# Application of Gauss' Laws: Large area parallel plate capacitor

• knowlewj01
In summary, the electric field strength inside a parallel plate capacitor with equal but opposite charges is given by E = q/(A * epsilon_0), where q is the charge and A is the area. Doubling the positive charge will result in a doubling of the electric field strength, while changing the negative charge will have the same effect. The percent change in electric field strength can be calculated as (new field strength - original field strength)/(original field strength) * 100%.
knowlewj01

## Homework Statement

The plates of a large area parallel plate capacitor of area A are separated by a short
distance.
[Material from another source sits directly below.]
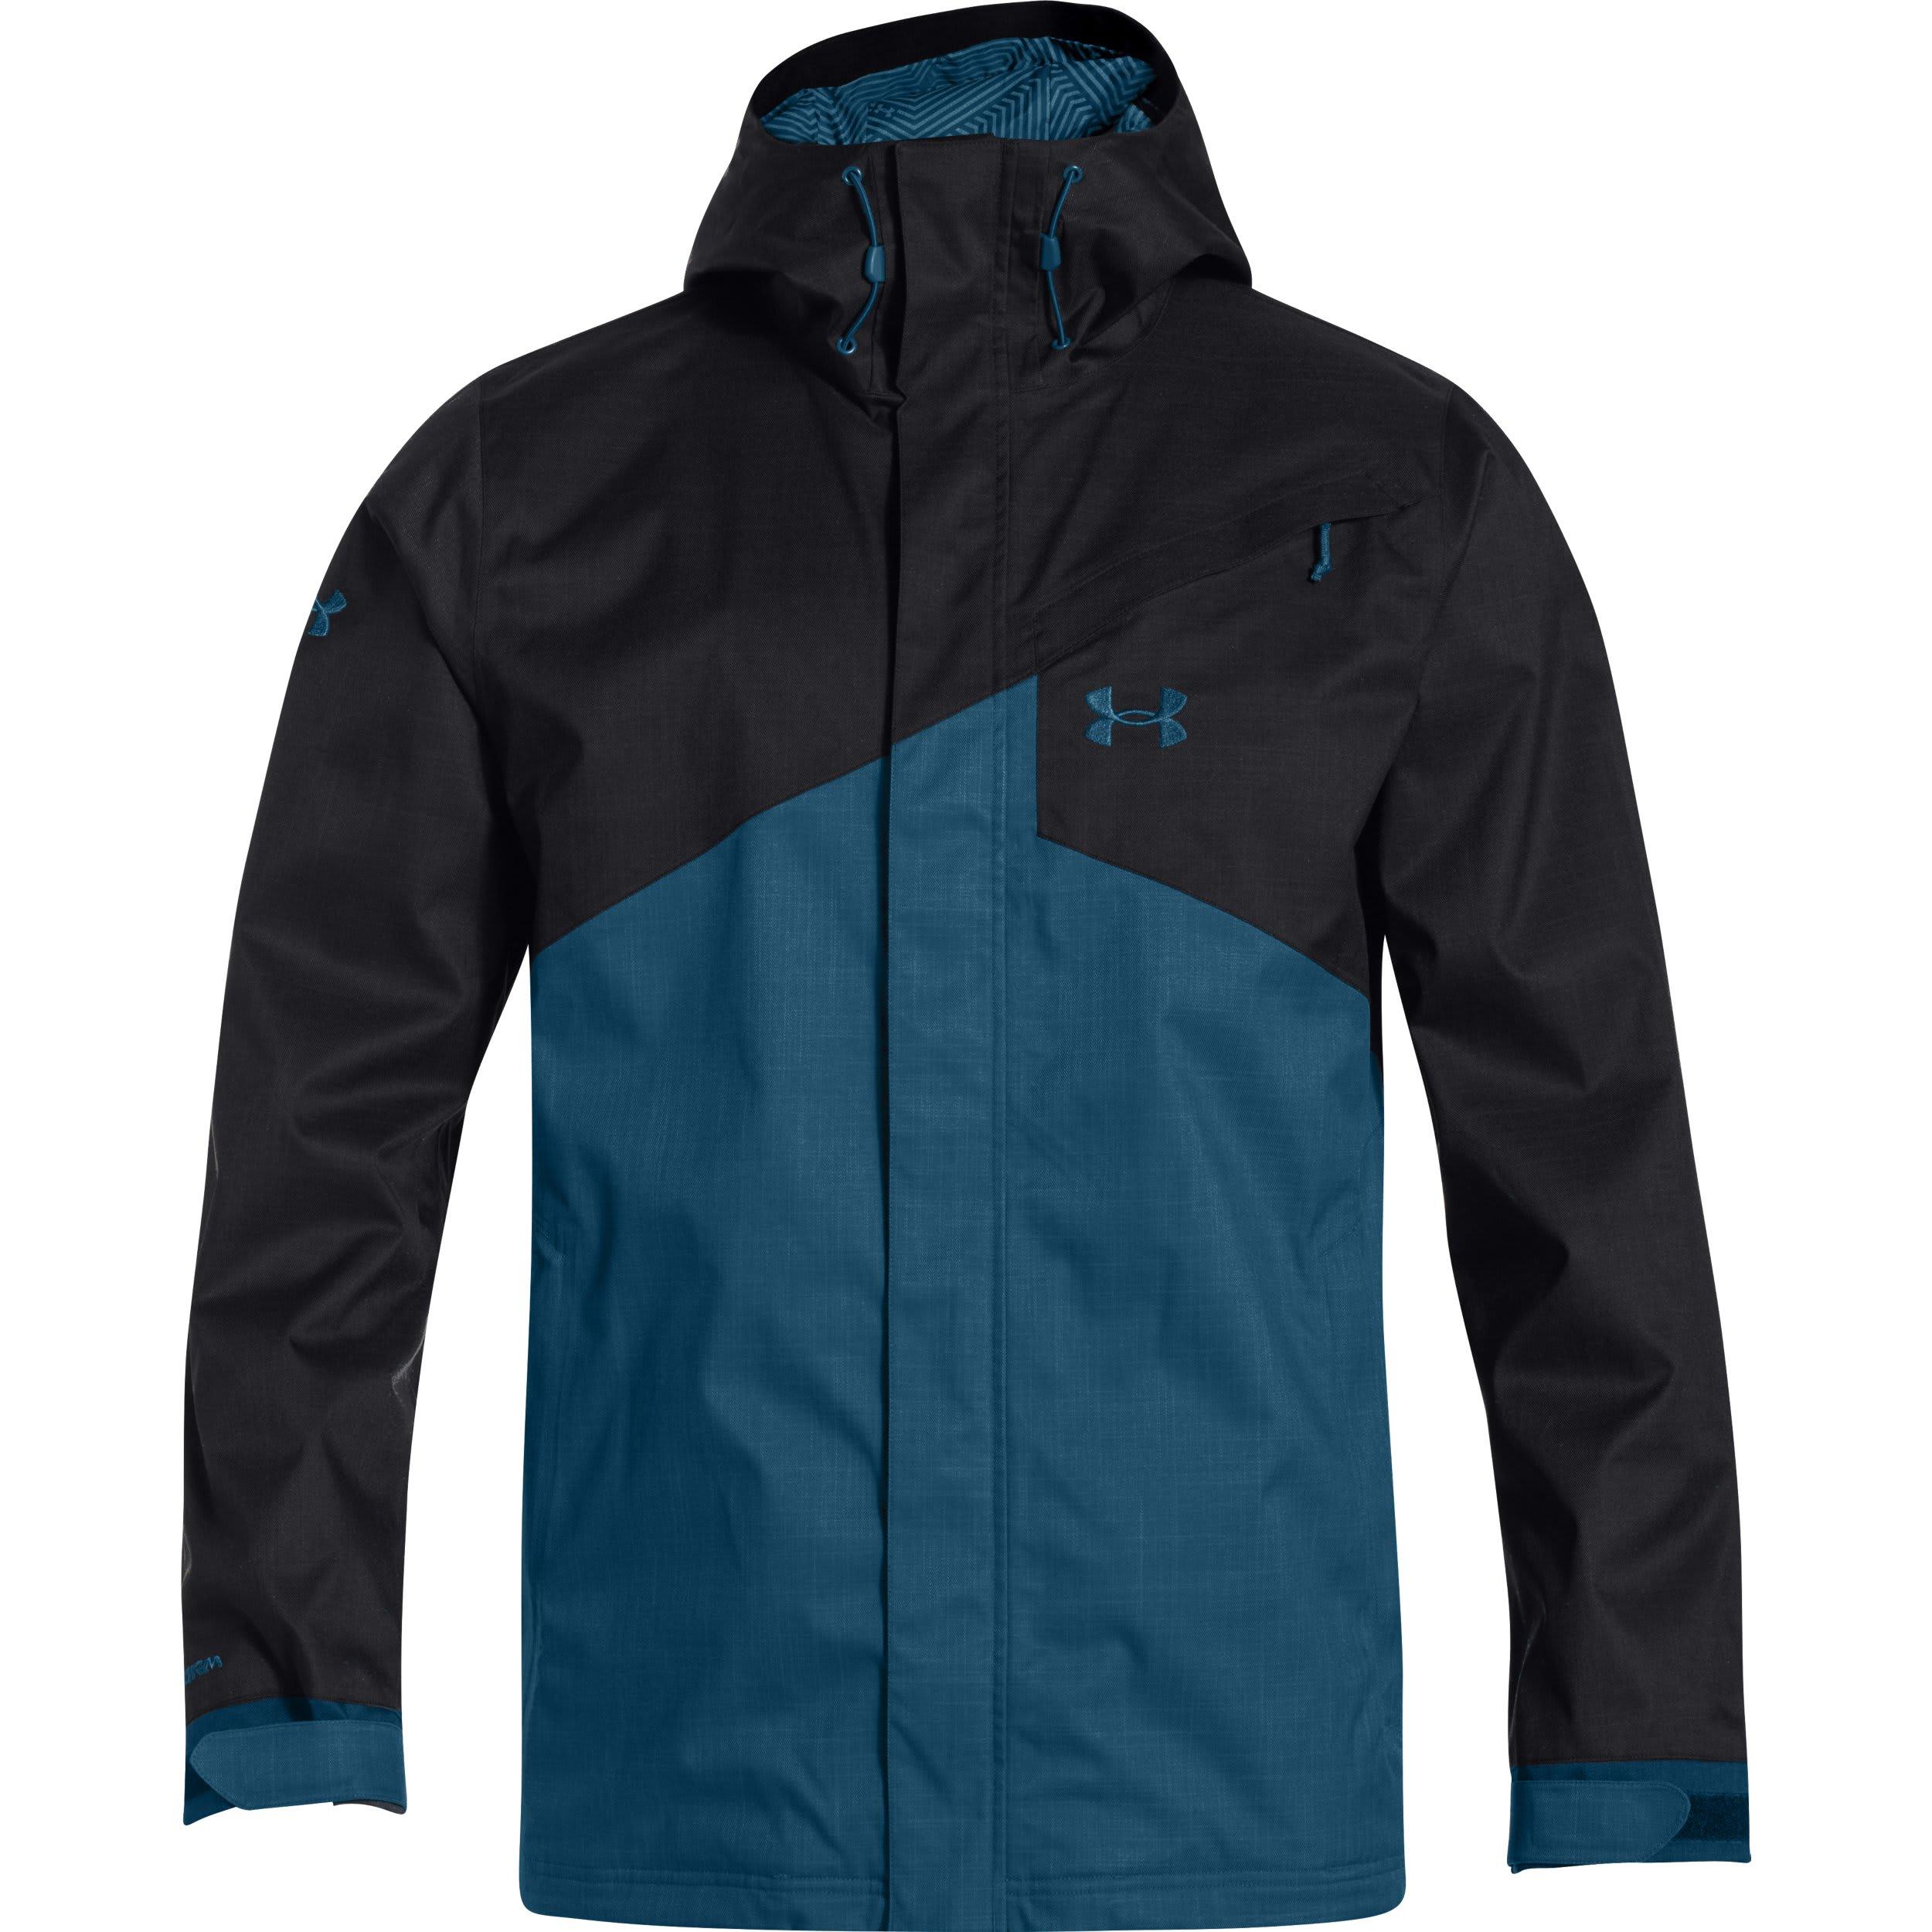 blue under armour jacket

The plates carry an equal but opposite charge $\pm q$.
(a) What is the electric field strength $E(q,A)$ inside the capacitor?
(b) By how many percent does the electric field strength change if the positive charge is doubled?

## Homework Equations

$\oint\bf{E.n} dS = 4\pi k Q$

Electric Field inside a capacator: $E = \frac{Q}{A \epsilon_0}$

## The Attempt at a Solution

the electric field inside a parallel plate capacator is uniform so it does not matter where we do the surface integral $\oint\bf{E.n} dS$
i choose to do the integral on a plane equal in area to the area of the capacators, i will call this area A.

(a)
$\oint\bf{E.n} dS = 4\pi k Q = \frac{q}{\epsilon_0}$

$E A = \frac{q}{\epsilon_0}$

$E = \frac{q}{A \epsilon_0}$

this is in agreement with the given formula i found.

(b) double the positive charge:

$\oint\bf{E.n} dS = 4\pi k Q = \frac{2q}{\epsilon_0}$

$E = \frac{2q}{A \epsilon_0}$

so this is twice that of in the first case. is this the right way to look at this? i thought what would be the difference if i changed the negative one instead, since in this solution i am ignoring the fact that there is a negative charge at all. i think that it would have the same effect.

the percent change can be worked out as:percent change = (\frac{2q}{A \epsilon_0} - \frac{q}{A \epsilon_0})/ \frac{q}{A \epsilon_0} * 100percent change = 100%

## 1. What is Gauss' Law and how does it apply to large area parallel plate capacitors?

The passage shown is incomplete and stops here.